→ **TO DO**
Your output should be the lines from the one containing "Two $2 Red Seal Bills - Image 3 of 3" through the last line below, both ends included, exactly as written and free of pictures.
=== INFORMATION PROVIDED ===
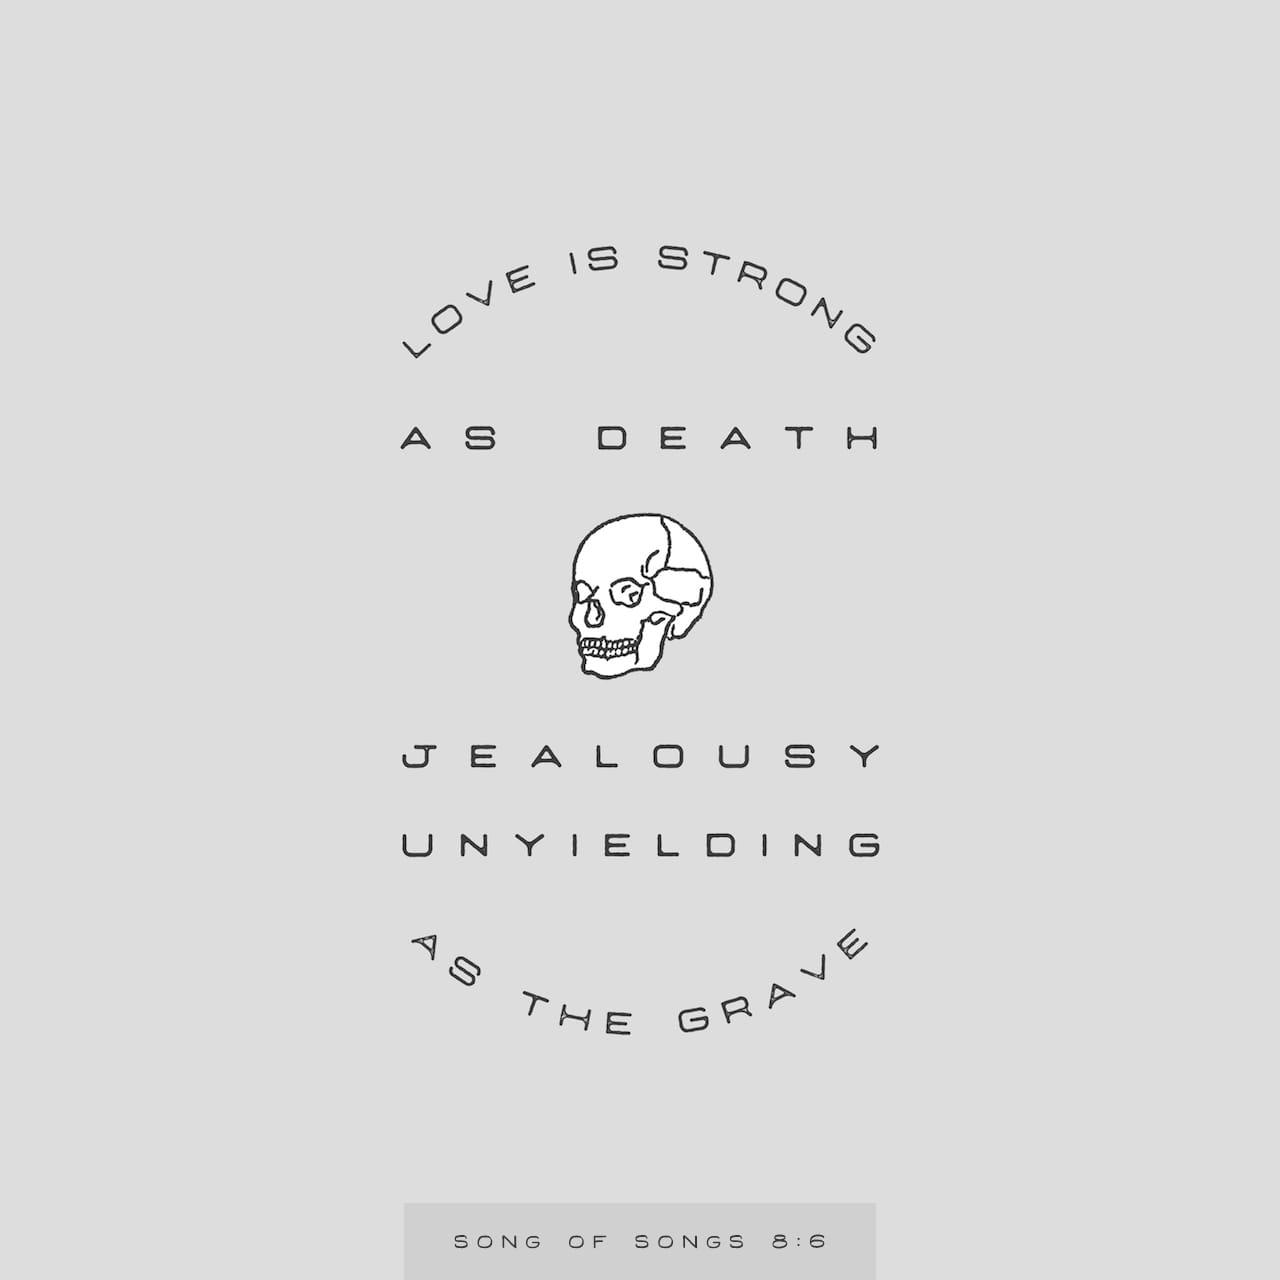 Bible Verse of the Day - day 84 - image 13894 (Song of Solomon 8:1-14)
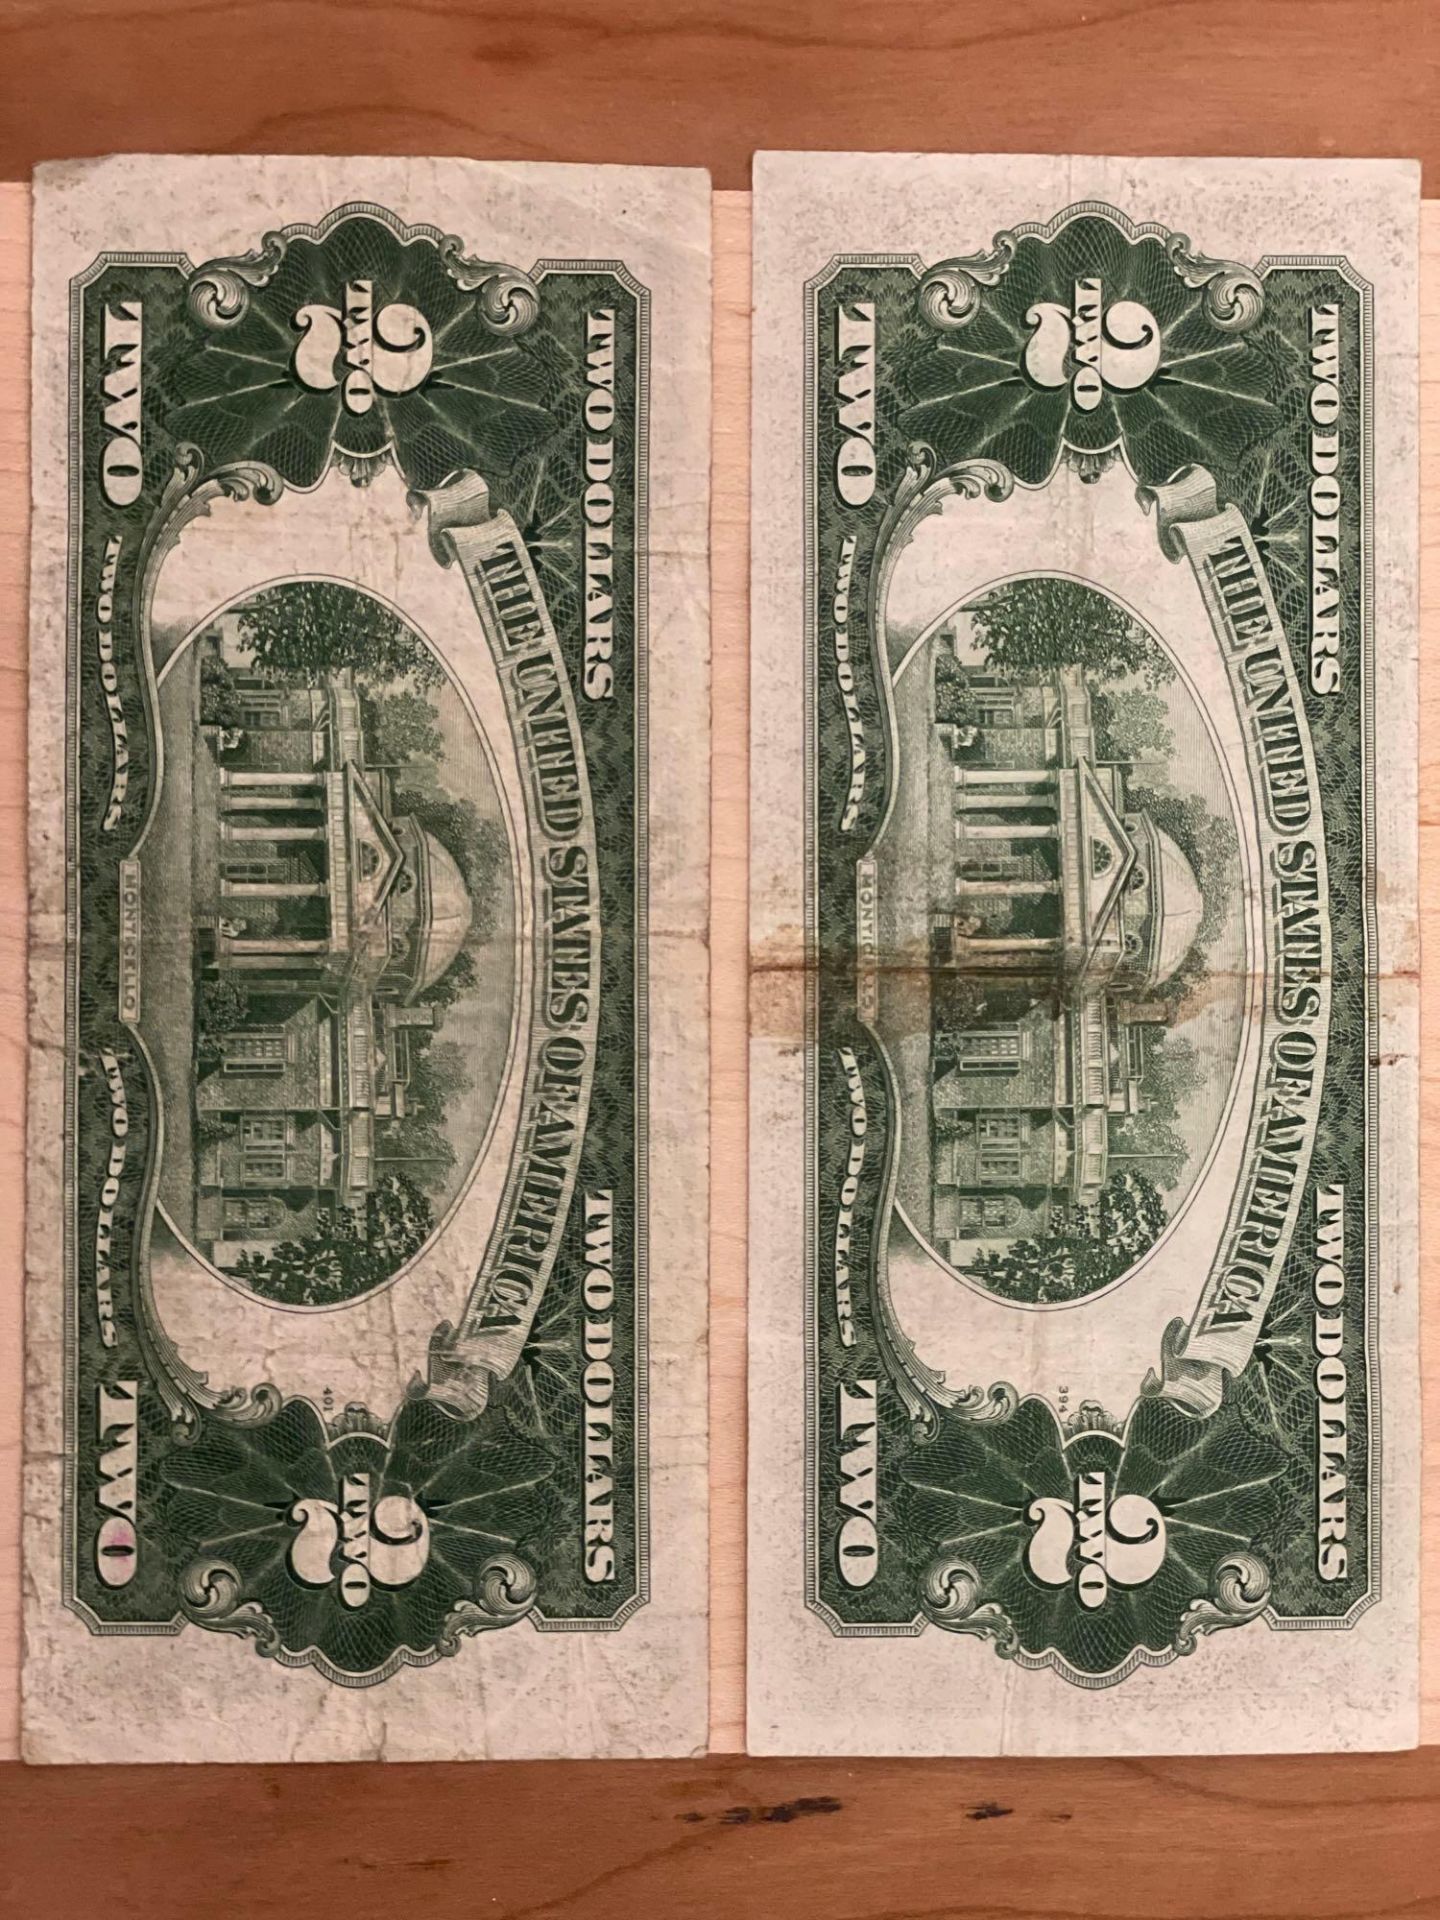 Two $2 Red Seal Bills - Image 3 of 3
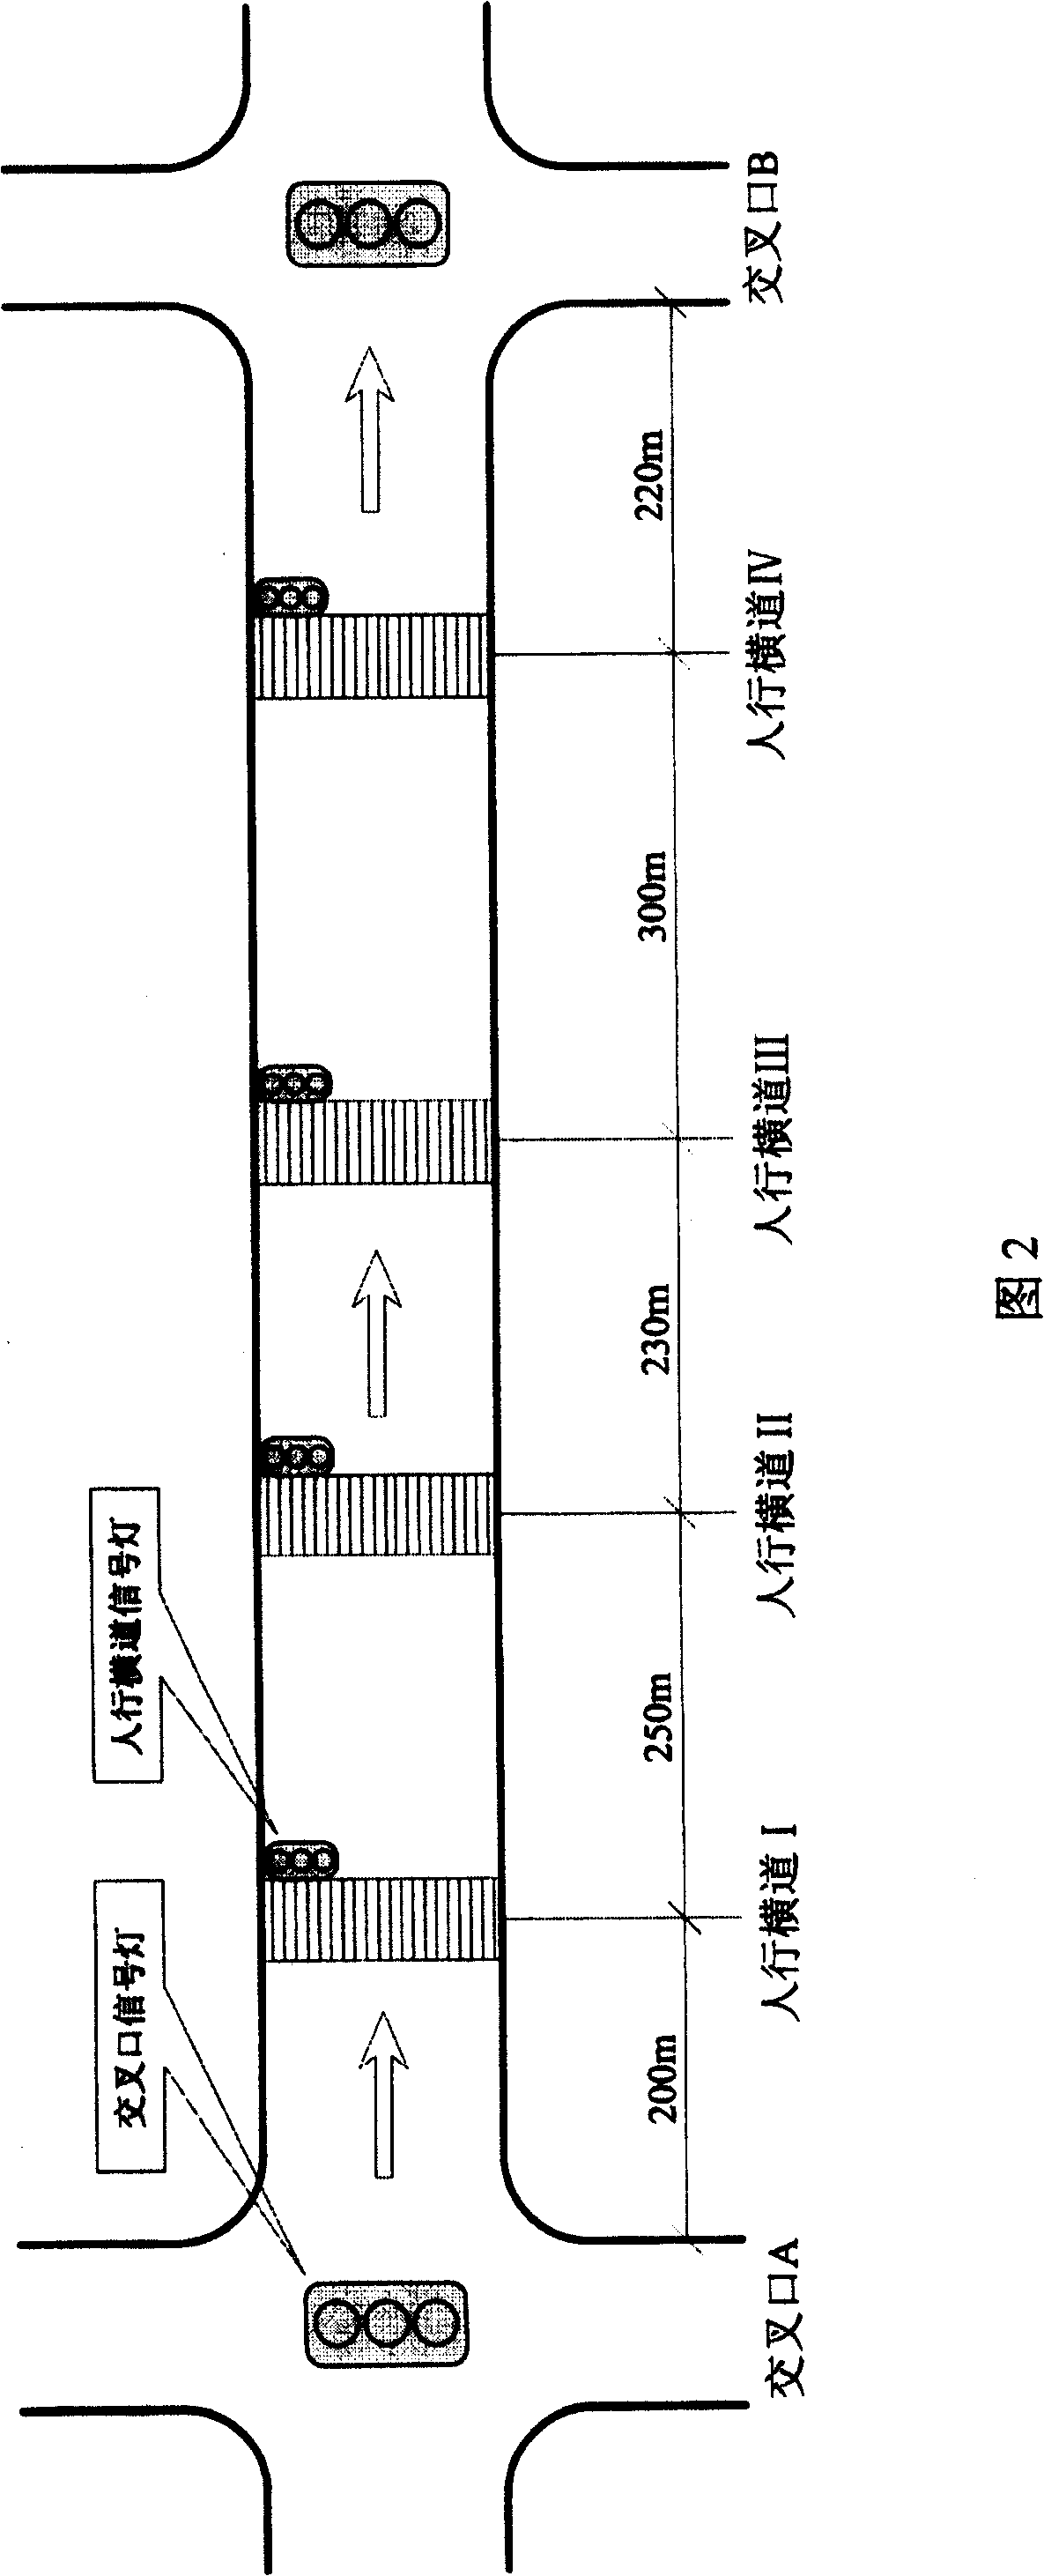 Automatic control method for green wave of pedestrian crossing street signal lamp
===
→ **TASK RESPONSE**
 Two $2 Red Seal Bills - Image 3 of 3
 Automatic control method for green wave of pedestrian crossing street signal lamp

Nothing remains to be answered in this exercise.